VMware Rolls a Fix for Formerly Critical Zero-Day Bug

vmware patch security bug

VMware has issued a full patch and revised the severity level of the NSA-reported vulnerability to “important.”

VMware has patched a zero-day bug that was disclosed in late November – an escalation-of-privileges flaw that impacts Workspace One and other platforms, for both Windows and Linux operating systems.

VMware has also revised the CVSS severity rating for the bug to “important,” down from critical.

The U.S. Cybersecurity and Infrastructure Security Agency (CISA) had originally flagged the unpatched security vulnerability on Nov. 23, which affects 12 VMware versions across its Cloud Foundation, Identity Manager, vRealize Suite Lifecycle Manager and Workspace One portfolios. It was reported to the company by the National Security Agency (NSA).

Tracked as CVE-2020-4006, the bug allows command injection, according to the company’s advisory.

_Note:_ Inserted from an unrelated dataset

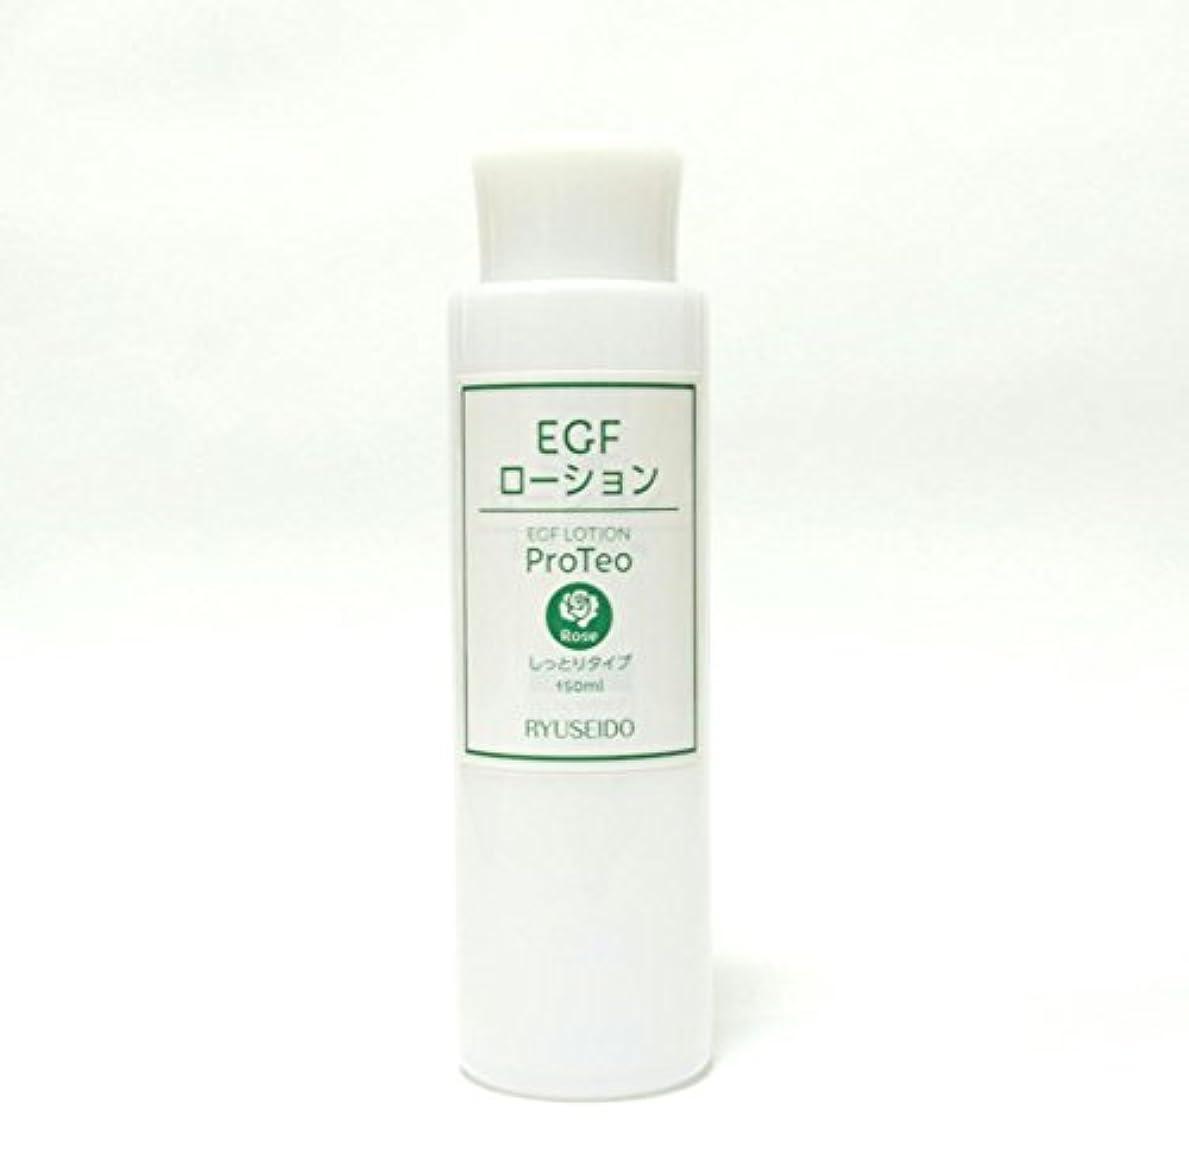 バドミントン汚染うがい薬EGFローション プロテオグリカン、ビタミンC新配合
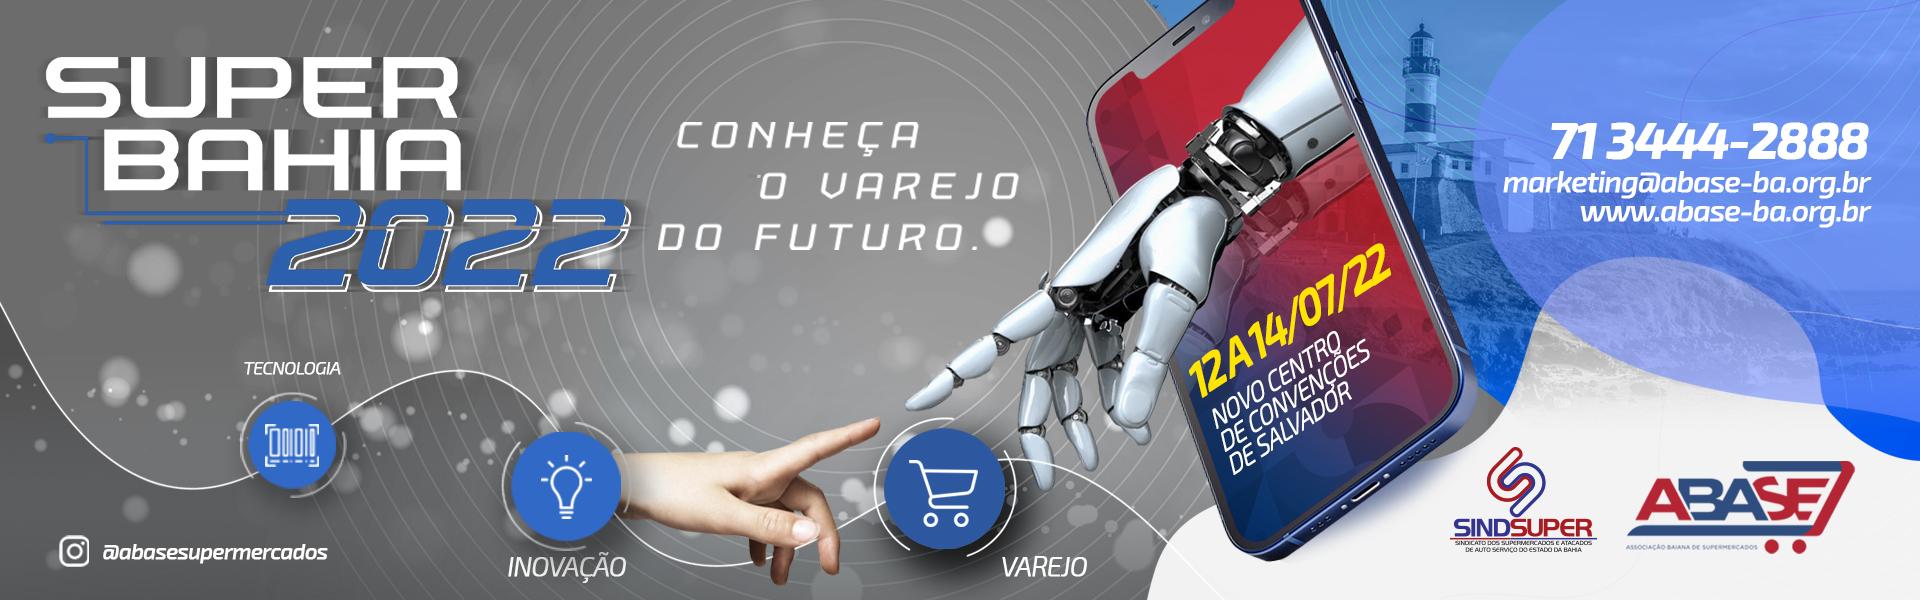 Super Bahia 2021

“A malicious actor with network access to the administrative configurator on port 8443 and a valid password for the configurator admin account can execute commands with unrestricted privileges on the underlying operating system,” VMware wrote in an updated advisory on Thursday.

While the bug was originally given a 9.1 out of 10 on the CVSS severity scale, further investigation showed that any attacker would need the password mentioned in the update, making it much harder to exploit effectively. Its rating is now 7.2, making it “important” rather than “critical.”

“This account is internal to the impacted products and a password is set at the time of deployment,” according to the advisory. “A malicious actor must possess this password to attempt to exploit CVE-2020-4006.”

The password would need to be obtained via tactics like phishing or brute forcing/credential stuffing, it added.

When the vulnerability was disclosed in November, the company issued workarounds “for a temporary solution to prevent exploitation of CVE-2020-4006,” with the tradeoff that configurator-managed setting changes are possible while the workaround is in place. However, a full patch is now available.

The products impacted by the vulnerability are:

  • VMware Workspace One Access (Access)
  • VMware Workspace One Access Connector (Access Connector)
  • VMware Identity Manager (vIDM)
  • VMware Identity Manager Connector (vIDM Connector)
  • VMware Cloud Foundation
  • vRealize Suite Lifecycle Manager

Versions impacted are:

  • VMware Workspace One Access 20.01, 20.10 (Linux)
  • VMware Identity Manager 3.3.3, 3.3.2, 3.3.1 (Linux)
  • VMware Identity Manager Connector 3.3.2, 3.3.1 (Linux)
  • VMware Identity Manager Connector 3.3.3, 3.3.2, 3.3.1 (Windows)
  • VMware Cloud Foundation 4.x (Linux and Windows)
  • vRealize Suite Lifecycle Manager 8.x (Linux and Windows)

There have been no reports of exploitation in the wild.